▸ Collected data:
---------------
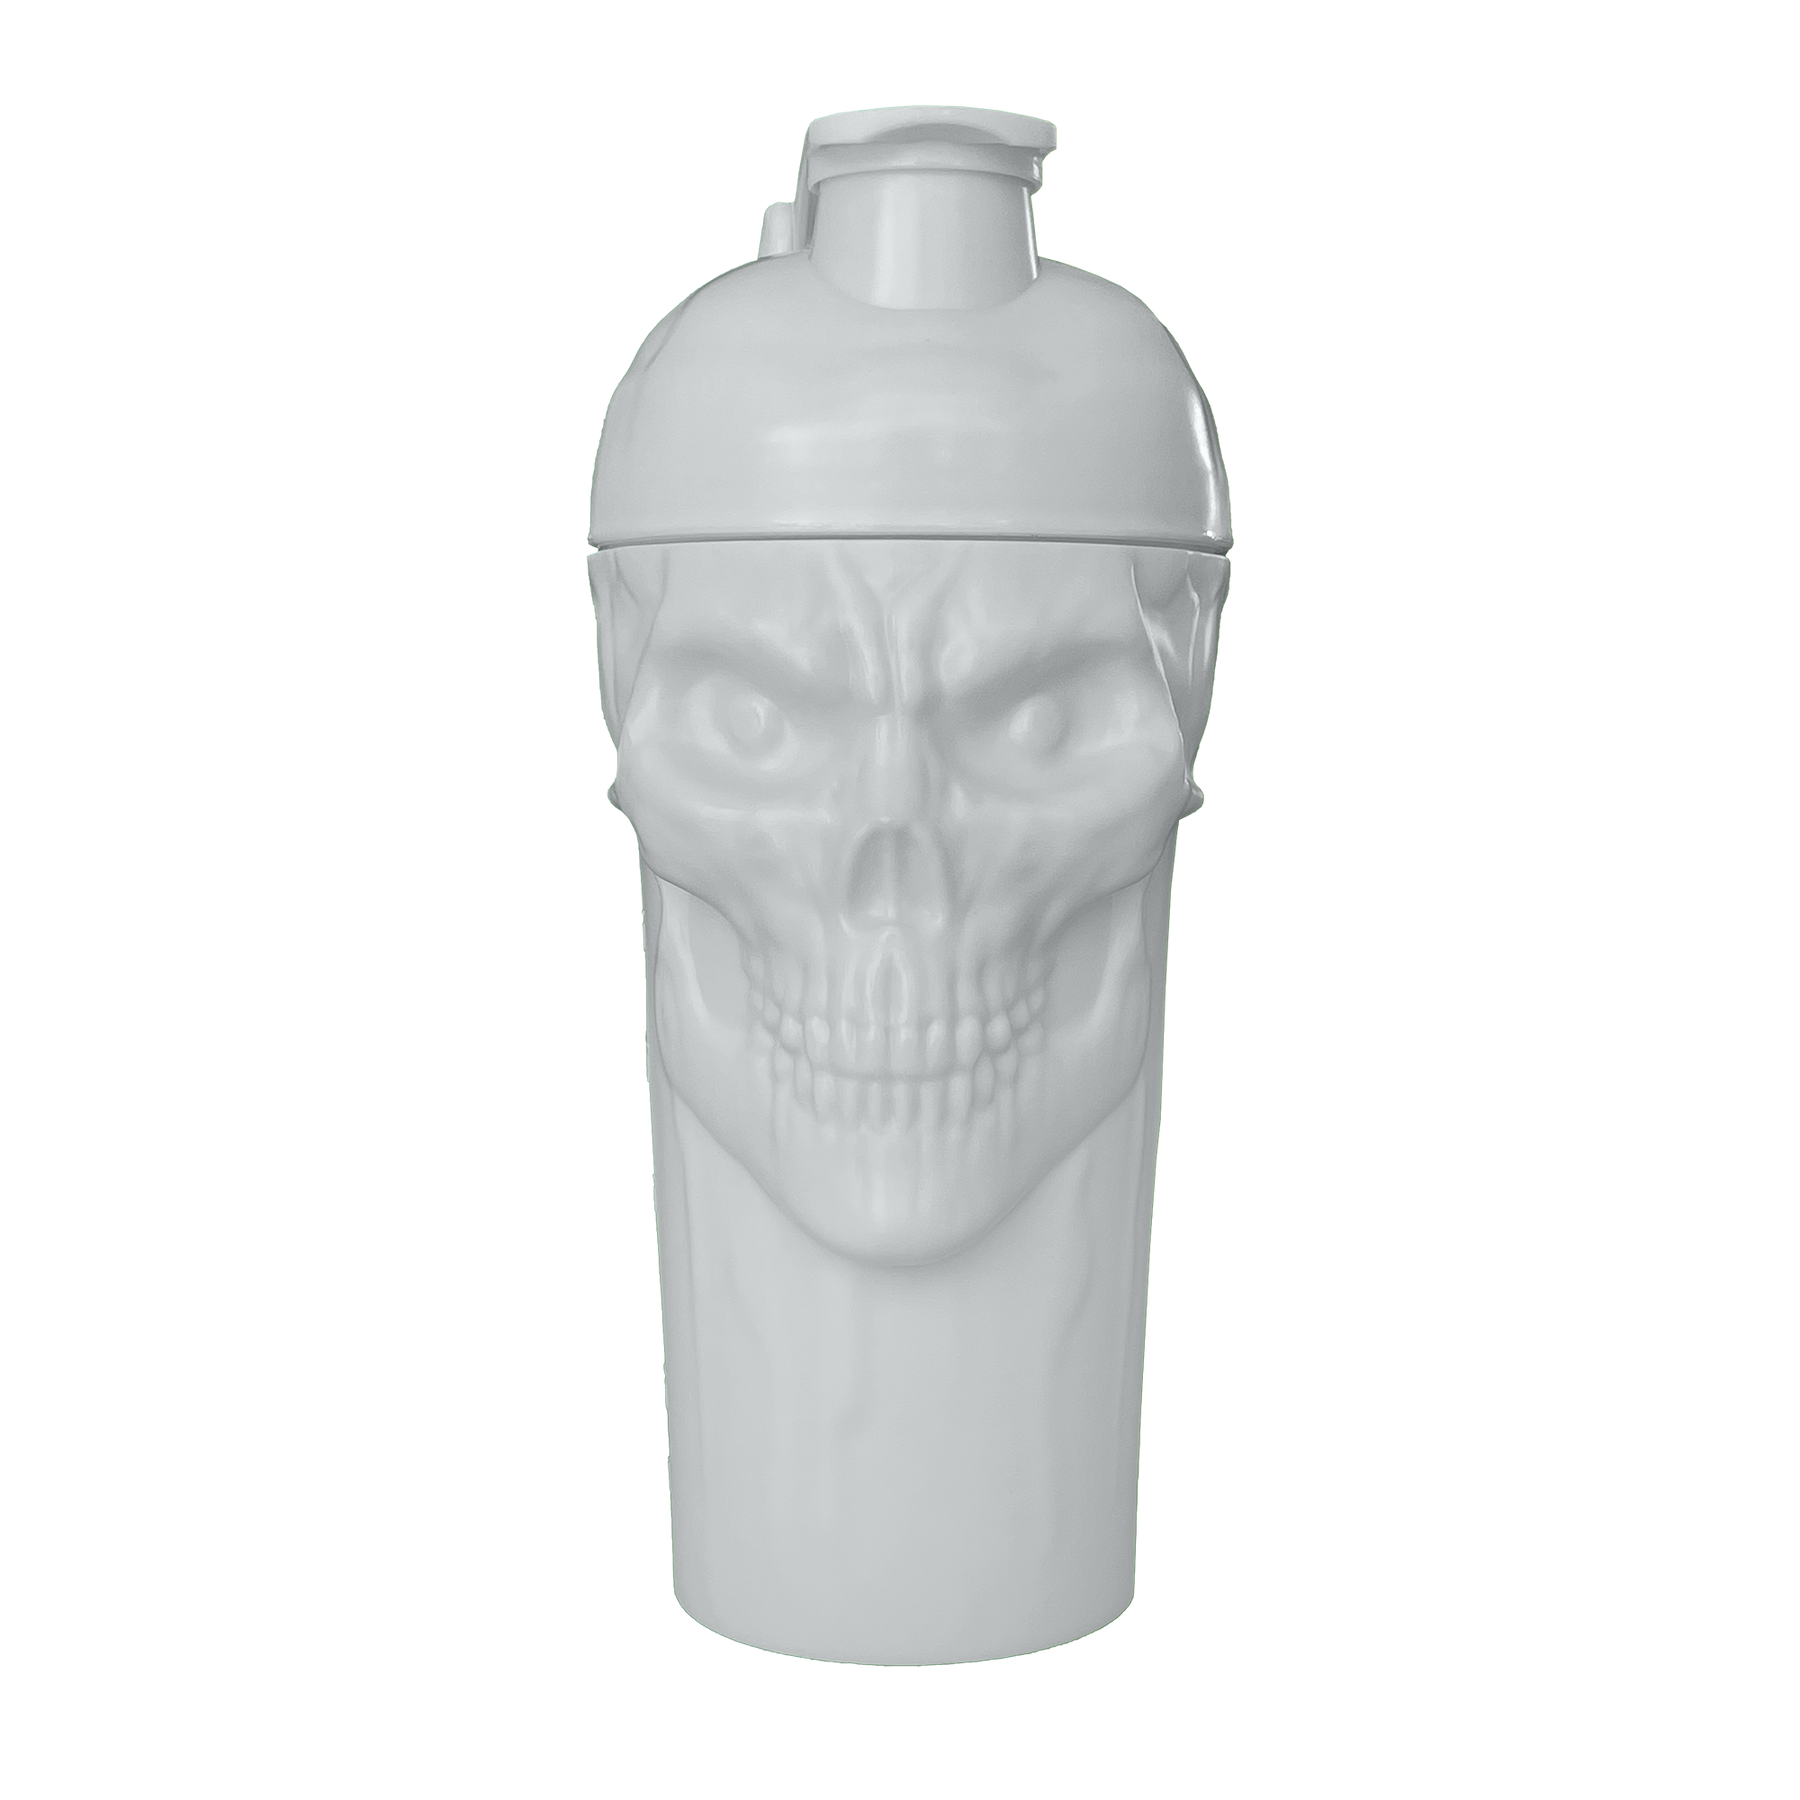 The Curse! Skull Shaker
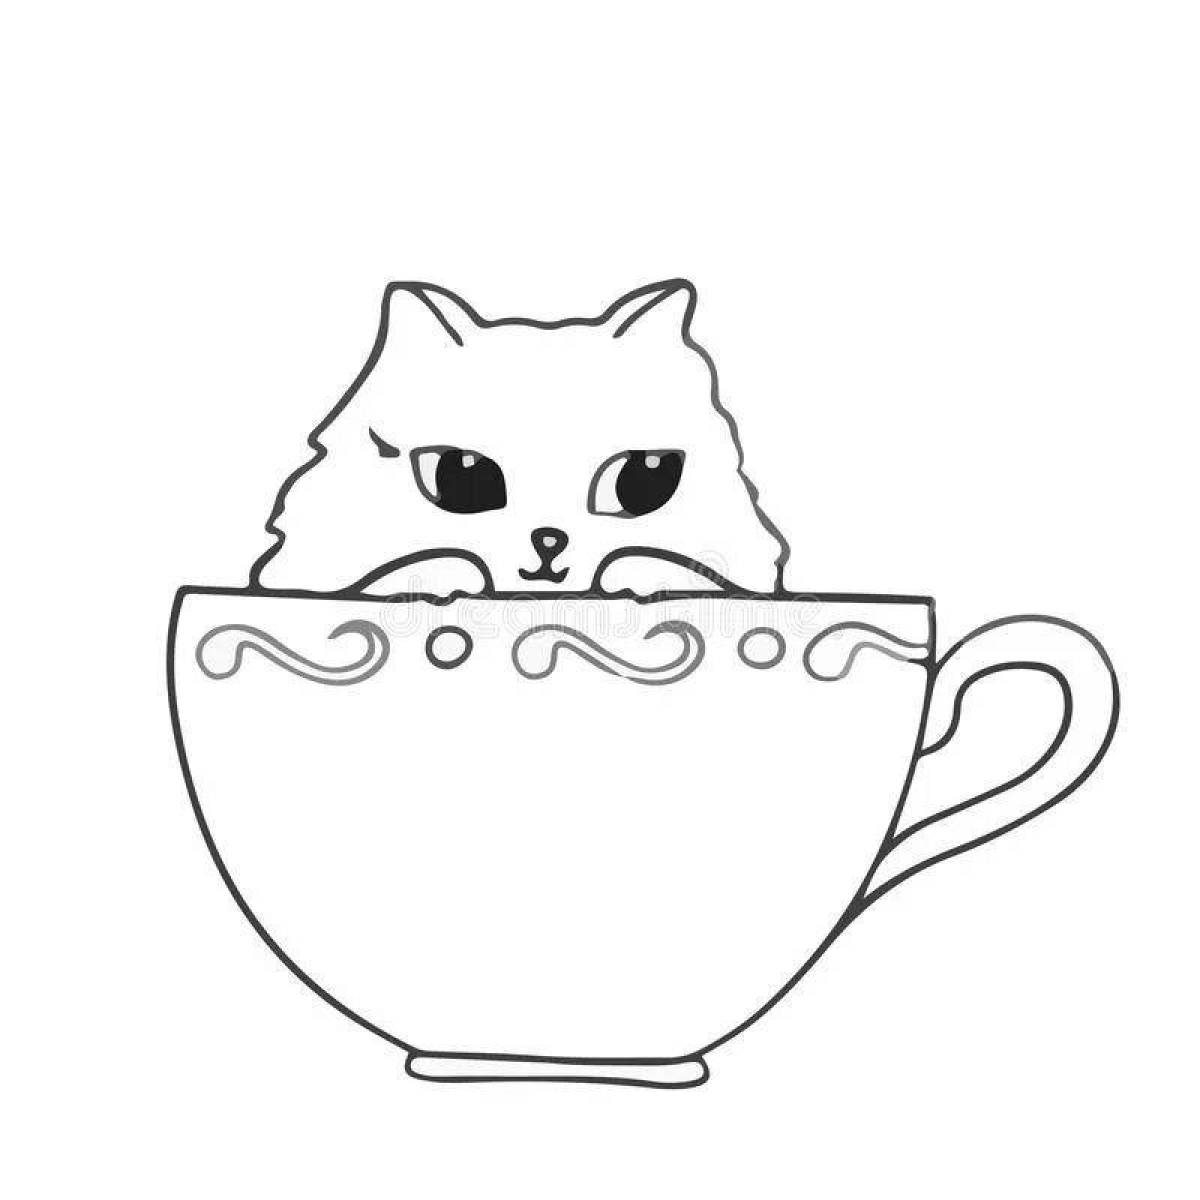 Fancy cat in a mug coloring book
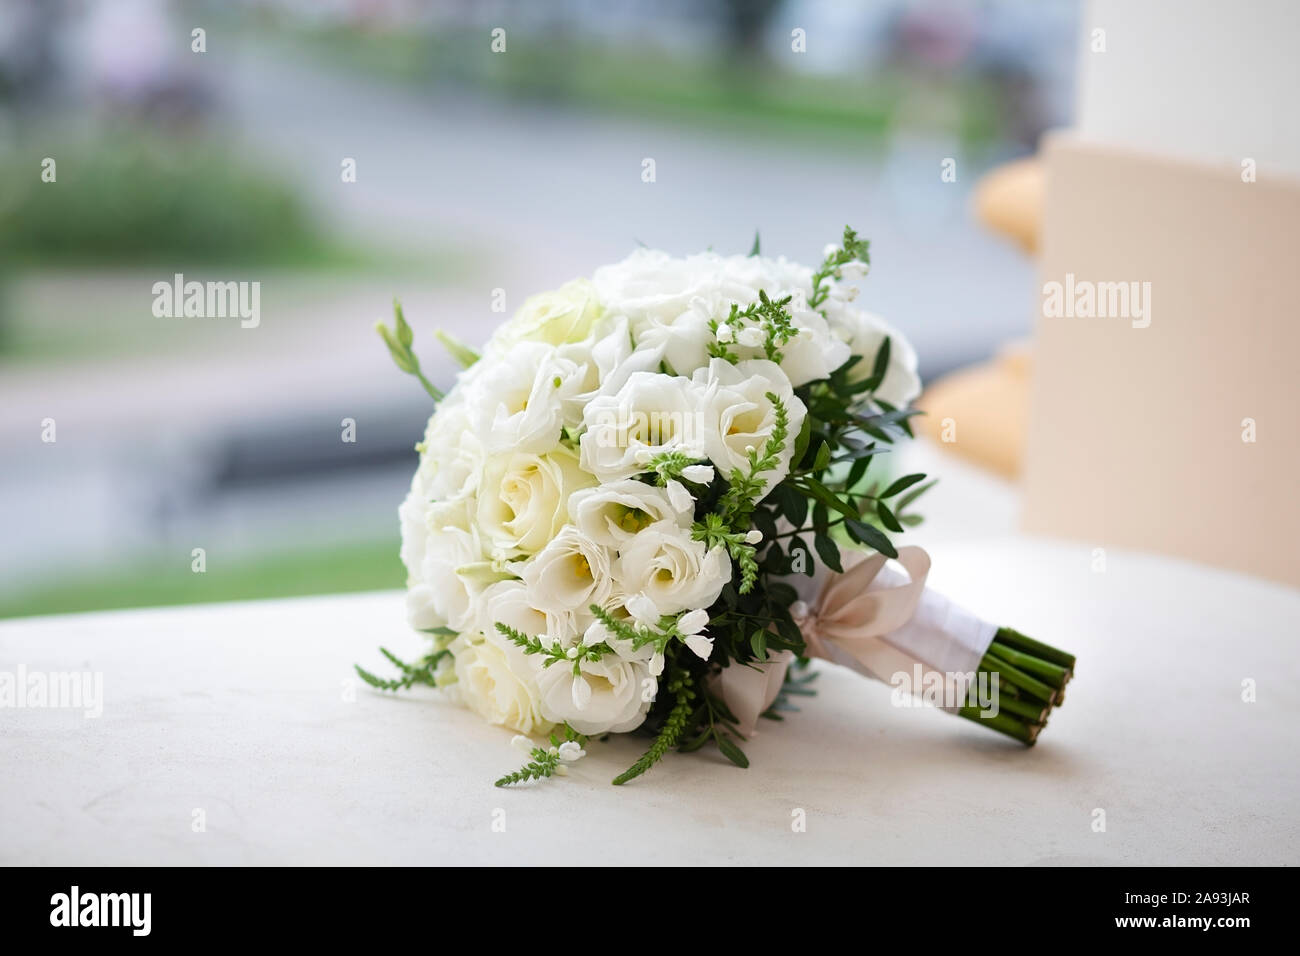 Festliche runde Blumenstrauß aus schönen weissen Blüten. Blumenstrauß aus  zarte weiße Rosen für eine Hochzeit, Verlobung, Bestätigung. Brautstrauß  für die Braut Stockfotografie - Alamy
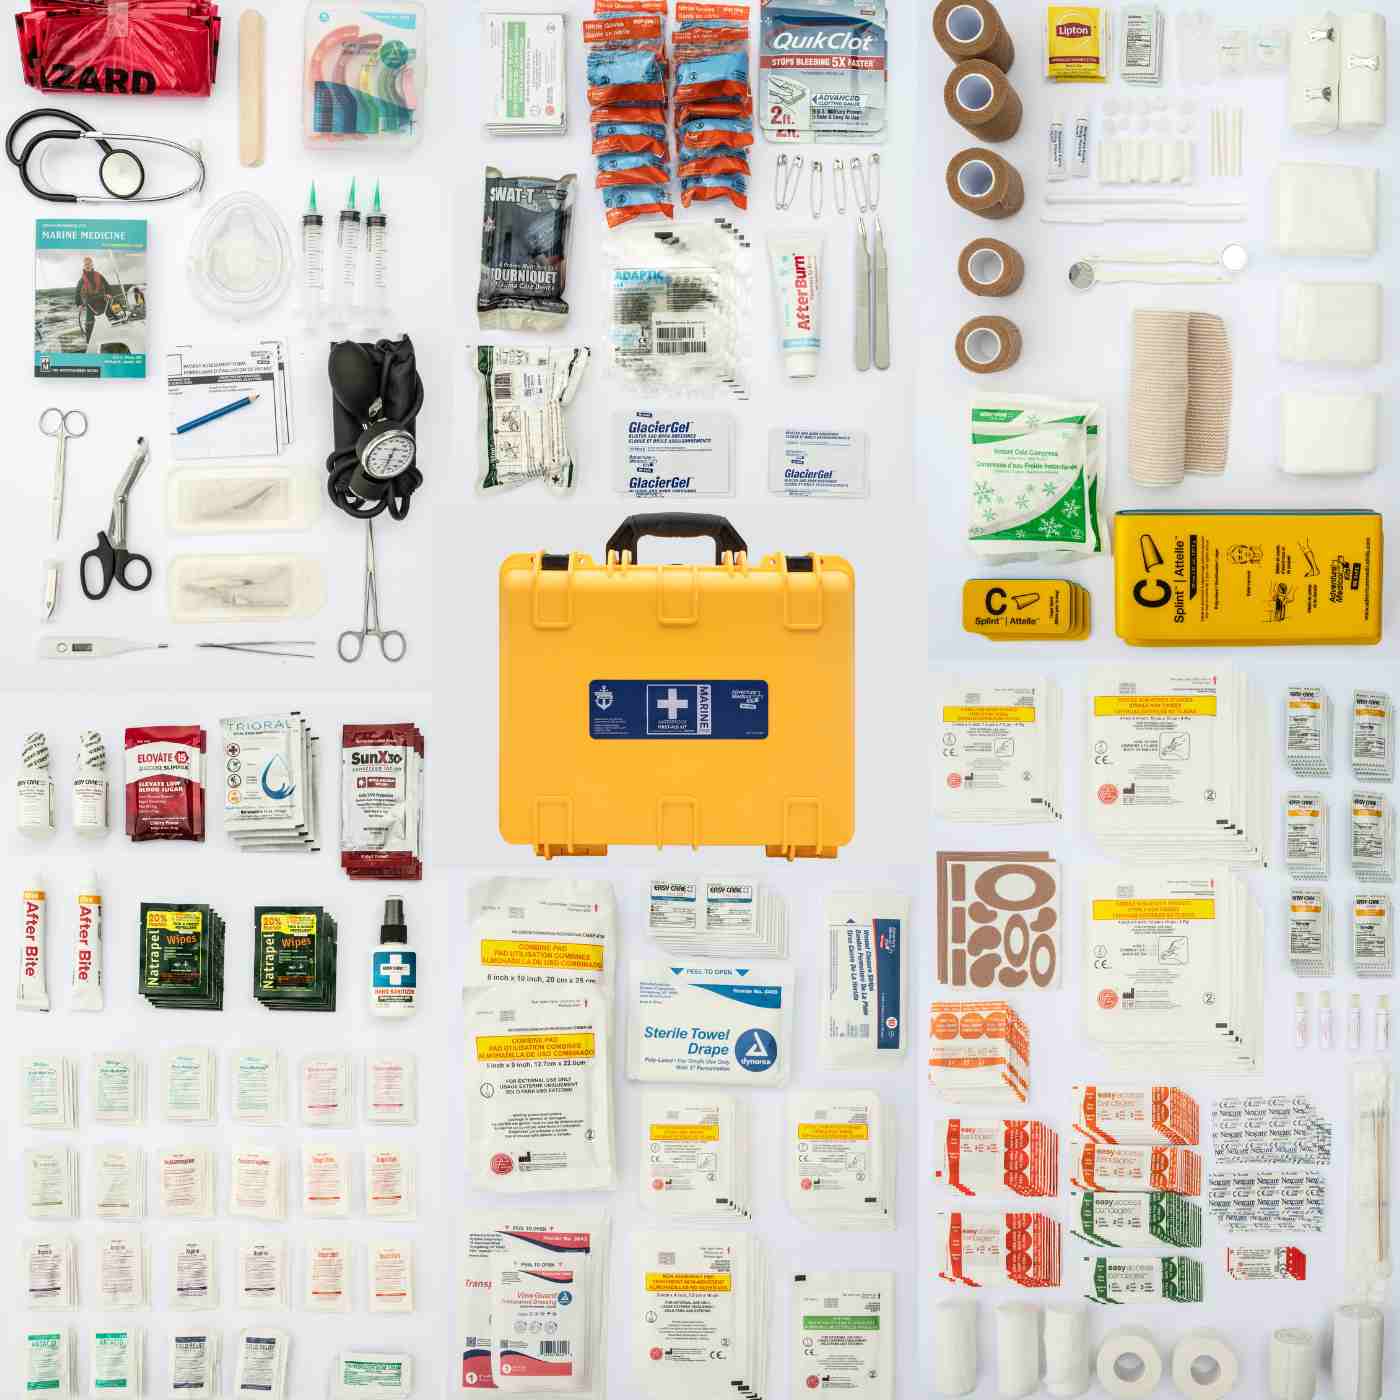 Marine Series 3500 First Aid Kit - Adventure Medical Kits
---------------
▸ Work instruction:
An exact copy of the material above is required, minus its images.

▸ Response area:
 The Curse! Skull Shaker
 Fancy cat in a mug coloring book
 Festliche runde Blumenstrauß aus schönen weissen Blüten. Blumenstrauß aus  zarte weiße Rosen für eine Hochzeit, Verlobung, Bestätigung. Brautstrauß  für die Braut Stockfotografie - Alamy
 Marine Series 3500 First Aid Kit - Adventure Medical Kits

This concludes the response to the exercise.